Know that the word anneal means to "attach"- for DNA to pair by hydrogen bonds to a complementary sequence. The opposite of anneal is denature.
High heat causes the double-stranded DNA to denature, i.e. the two complementary strands separate from one another. Cooling the solution allows the complementary DNA strands to anneal with one another.
A Final Reflection on the Meaning of the Word Clone.
The word clone simply means making an identical copy. So, when we say something is cloned we are saying something is copied. Therefore, the word clone can refer to many kinds of copying that occur in biotechnology applications. The common use of the term is when we say an organism is cloned. This type of cloning is what resulted in Dolly, the first cloned mammal. It is also known as reproductive cloning- good reporters will use this terminology in their reporting. This is what might someday happen with humans- making a copy or clone of a person.

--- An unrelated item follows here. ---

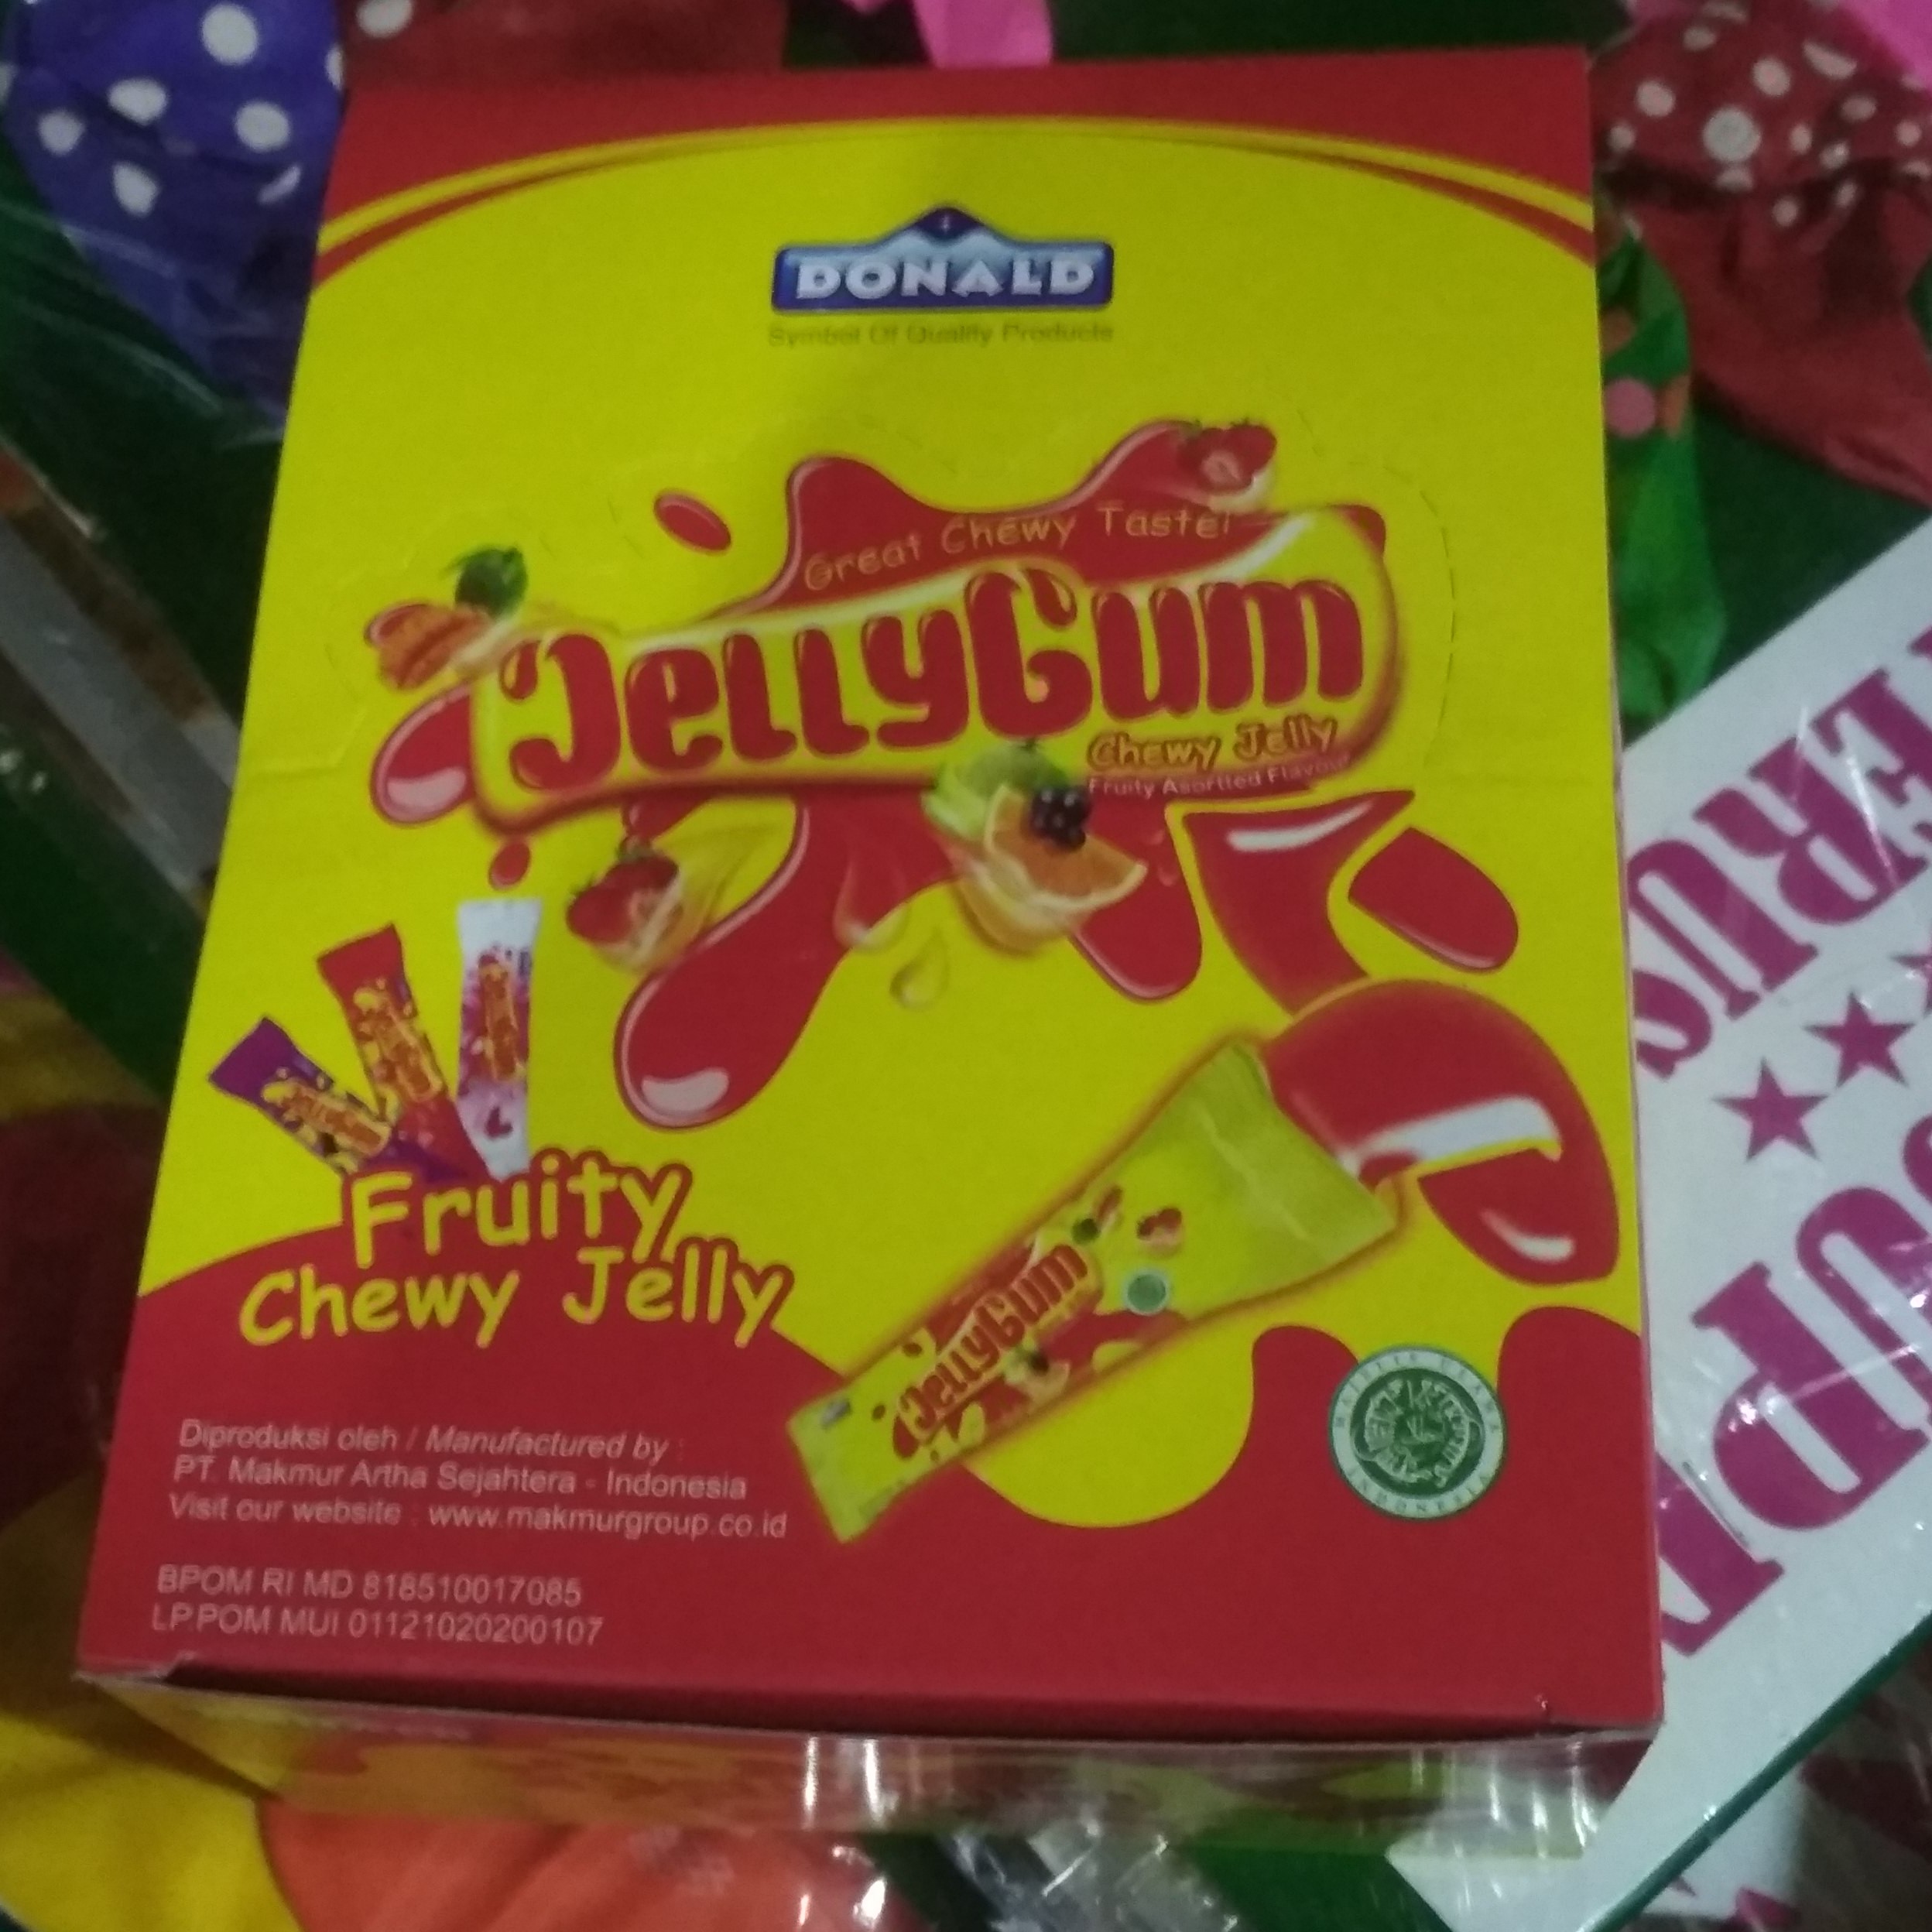 Jellygum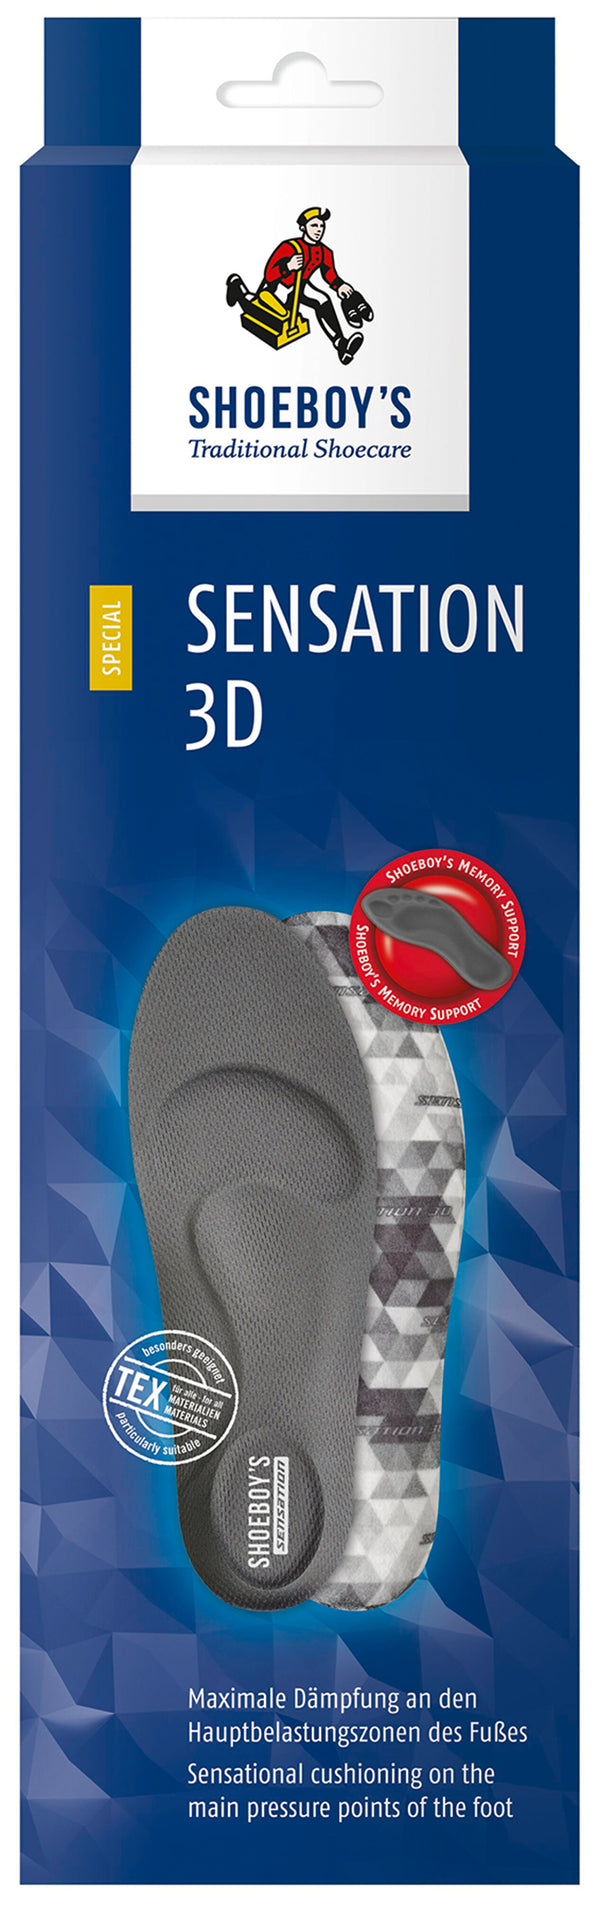 Shoeboy's Sensation 3D Insoles - Cushioning for Main Pressure Points, Stabilizes & Improves Flexing Dynamic - Trustables

Scientists can also clone genes. This is generally done using bacterial plasmids. A gene of interest is isolated and extracted from some organism- the organism does not need to be a prokaryote- it can be a eukaryote like you and me. Think for a minute about why this is possible- it is very cool. . . Prokaryotes and eukaryotes all share a common ancestor- the genetic code that evolved in that very early ancestor, billions of years ago, was inherited by all its descendants- you, me, and the E.Coli bacteria living in our intestine! Since we all share this same genetic code, all organisms can read the code and therefore make the same proteins. Therefore human genes can be inserted into bacteria, and then these bacteria can make human proteins! They can literally become human protein factories. In fact the very first commercial use of this technology was in 1982 when Genentech, a biotech company in San Francisco, received FDA approval to have E.Coli bacteria manufacture human insulin. This made diabetics very happy for it was the first time in history they could actually inject real human insulin into themselves, even though it was made by a bacteria!